Top-flight Rosés can indeed be found in the United States
Wow! The angst and drama from Bawlemore had me sampling wine like crazy this week. At what point will the Progressives be held responsible for the chaos in many of our cities and blue states which has been brought on by their misguided policies and inept management? It is irrefutable that the most crime-prone, devastated, racially divided cities and states have been under the sway of Progressive leadership for 50 or more years. The mainstream media supports them in their proposed remedy.
Spend more money! So I went out and bought several half bottles of wine, and drank them down while viewing marathon stupidity reportage of the riots. Sure enough, most of my troubled thoughts disappeared. Fortunately dear readers, I took notes and can read my handwriting up to the seventh bottle, which enabled this column.
Eminence Road Farm Winery is Located in Long Eddy, N.Y., in a mountain valley in Delaware County. The winery is housed in an old cow barn. Don’t let that throw you, though; it produces small lots of wonderful wine. The Elizabeth Vineyard Gewurztraminer 2012 vies with the best from Alsace and Germany. It’s pale golden, and the nose shows subtle floral tones, honey notes, orange zest and beeswax aromas. The palate is dry, with perfect acidity supporting a medium body and hints of Asian spice, lychee and more orange rind. The wine went through malolactic fermentation employing naturally occurring yeast so it has some appealing, yeasty characteristics, 92 McD and it can be found under $20. If you enjoy spicy, sushi, or most Asian or Mexican, please give “Gewurz” a try. It is made for food. If you have a pal who enjoys Gewurztraminer, do the push up and search this out. I found mine in Brooklyn.

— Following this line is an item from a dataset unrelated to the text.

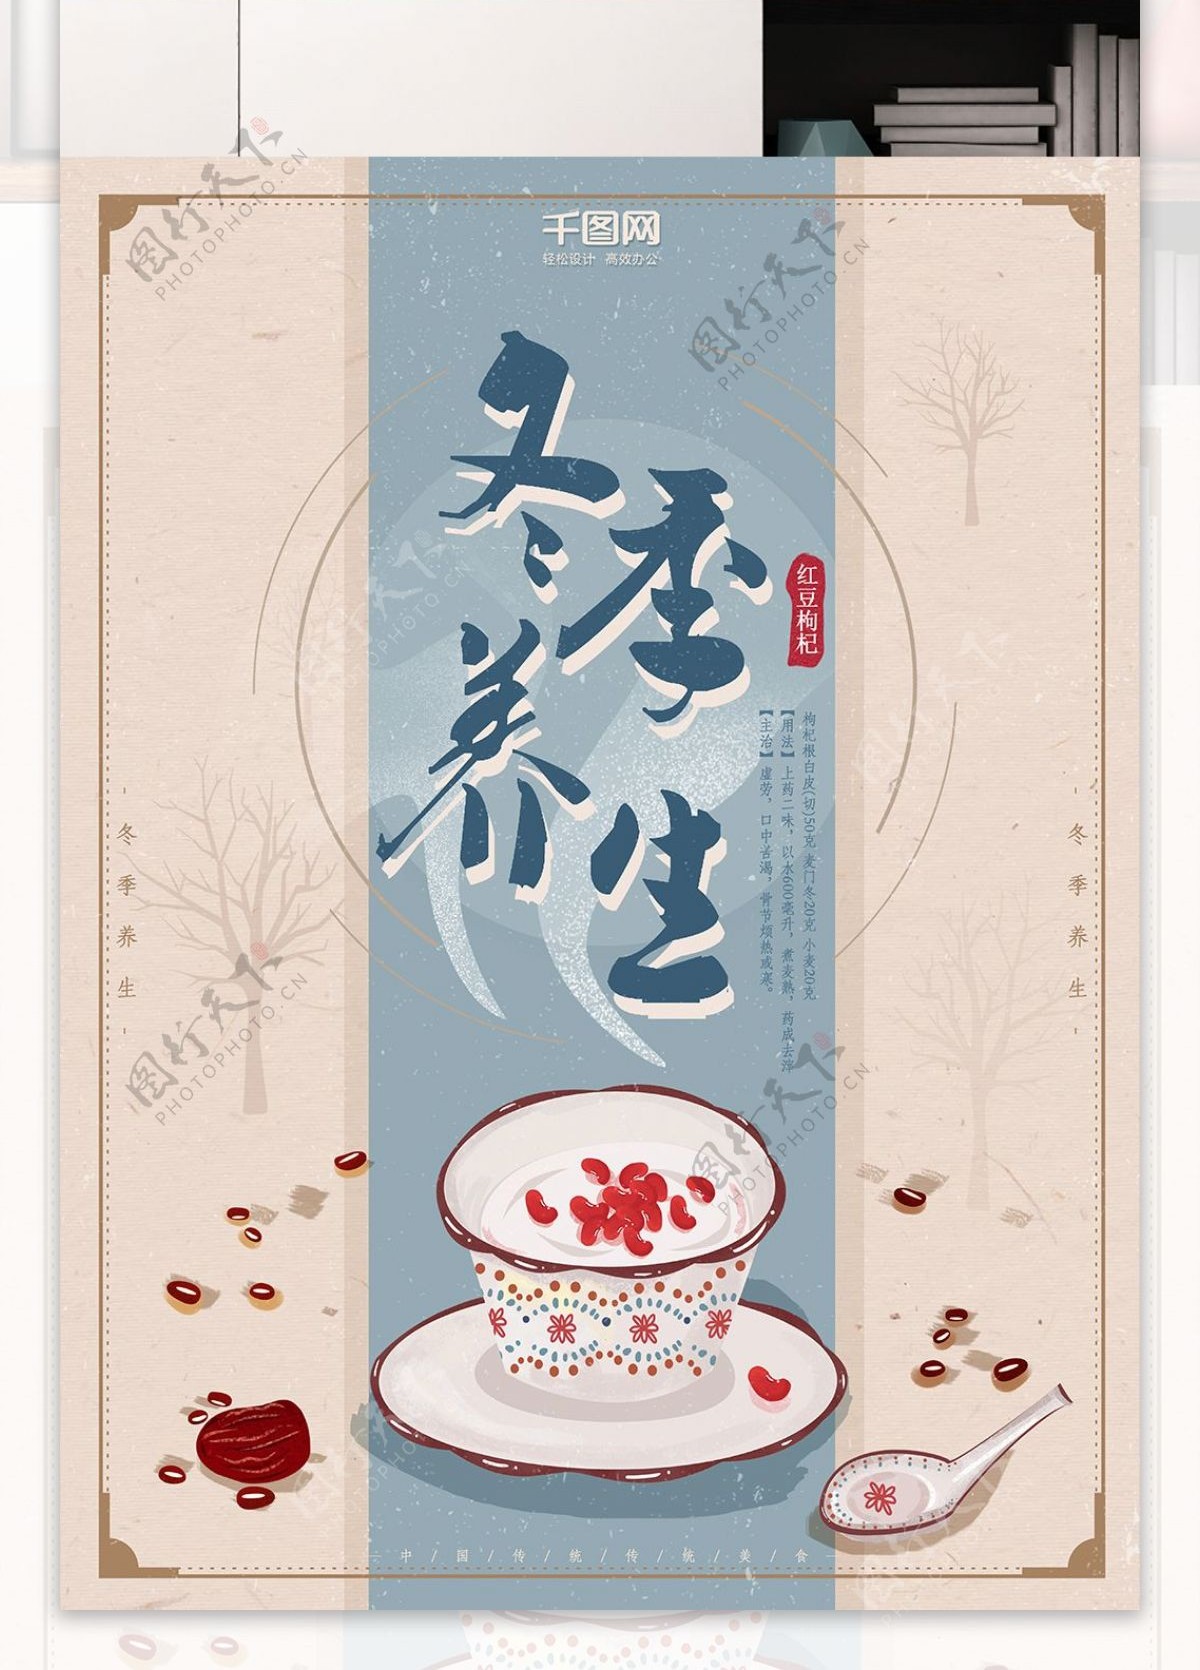 冬季养生海报枸杞红豆汤古典简约淡雅设计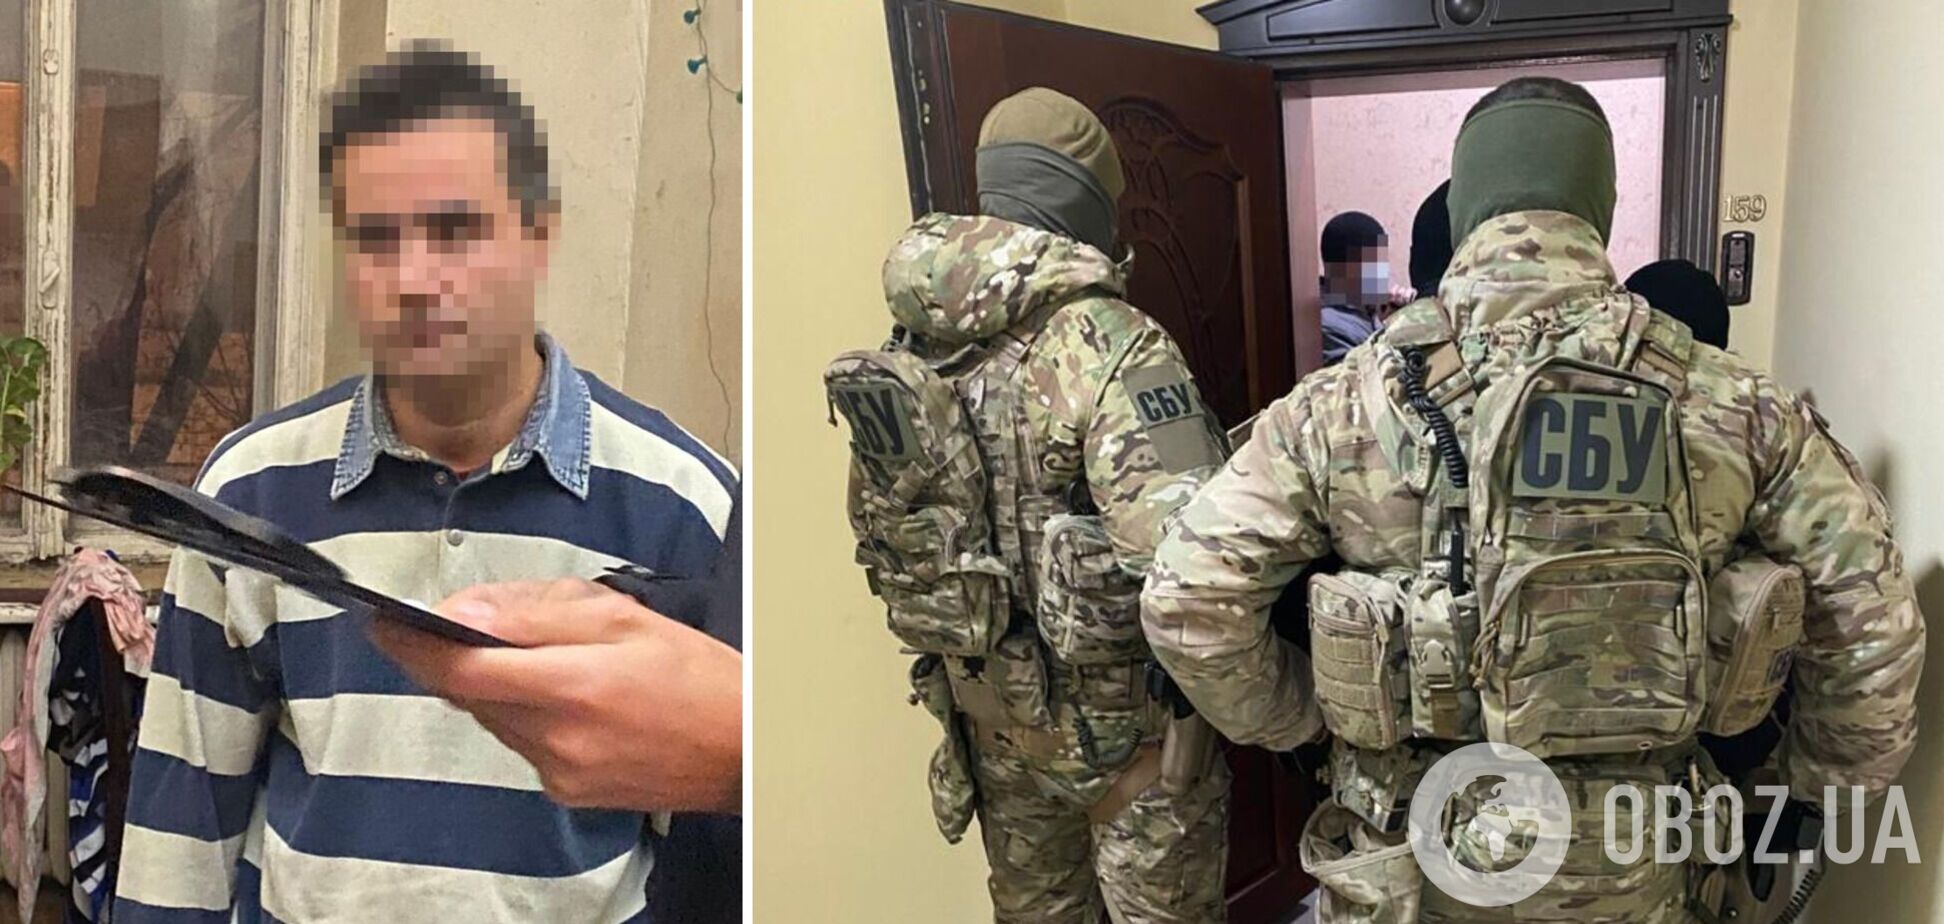 СБУ затримала в Одесі російського агента, який 'полював' за українськими комплексами 'Нептун' і шукав позиції ППО. Фото

Luca Malbec 2012 was awarded 93s and 92s by many. No. 19 on Wine Spectator Best of 2014 but for some reason the price is falling from its high of $32 to a reasonable under $25, less on cases. The only weak vintage from 2007-13 has been the 2009 and that rated a “nothin' ta sneeze at” 87 points. Natalie Maclean intoned, “Heavenly hamburger wine.”
As regulars are aware, I’m no fan of Malbec. I made my rare 85 percent burger with a half-inch slab of onion, slathered it in Creole grainy mustard, surrounded it with a Kimmelwick roll and sure enough, the Malbec was pretty darn good. On a serious note, this is a very well-made bottle. Malbec fans would be well served to lay some in at this price. Lots of black fruit, long time in oak provides mocha, chocolate, full body.
Remember Judith Beck? Think GruVe. She’s at it again with a wonderful Blaufrankisch Rosé 2014 for $16. Blaufrankisch, aka Lemberger and Kekfrankos, is German for blue Frankish. This dark-skinned grape is very hardy and withstands the cold winters found in the region. It is planted all over Austria, Hungary, parts of Germany and the Balkans.
A top-flight Rosé rendition is rarely found in the states but I had the very good fortune to sample eight. Beck’s stood out: Light orange rose-tinted, after a few swirls the nose is lovely. Spicy cherries and tangerines are underlined by herbal nuance. On the palate, bitter cherry and rhubarb flavors. Finishes long, clean and dry. Two other producers worth looking into are Schiefel and Wenzel.
Don Ramon Platinum Silver Tequila, Mexico is the crème de la crème of tequilas say several experts. If you try this please don’t show your “country.” Don’t take it in a shot glass and slug it down. Don’t salt your hand and bite a piece of lime or ask for it in a Margarita with a splash of GM and a salt rim. Think of it as a decent brandy, place it in a snifter and savor it. The hangovers are substantially reduced. Believe it or not Tequila improves with age, both by how old-timers consume it and the lovely effects of maturation.
Finally, Happy Mother’s Day. My mom passed several years ago, and I wish I had cherished her even more than I did.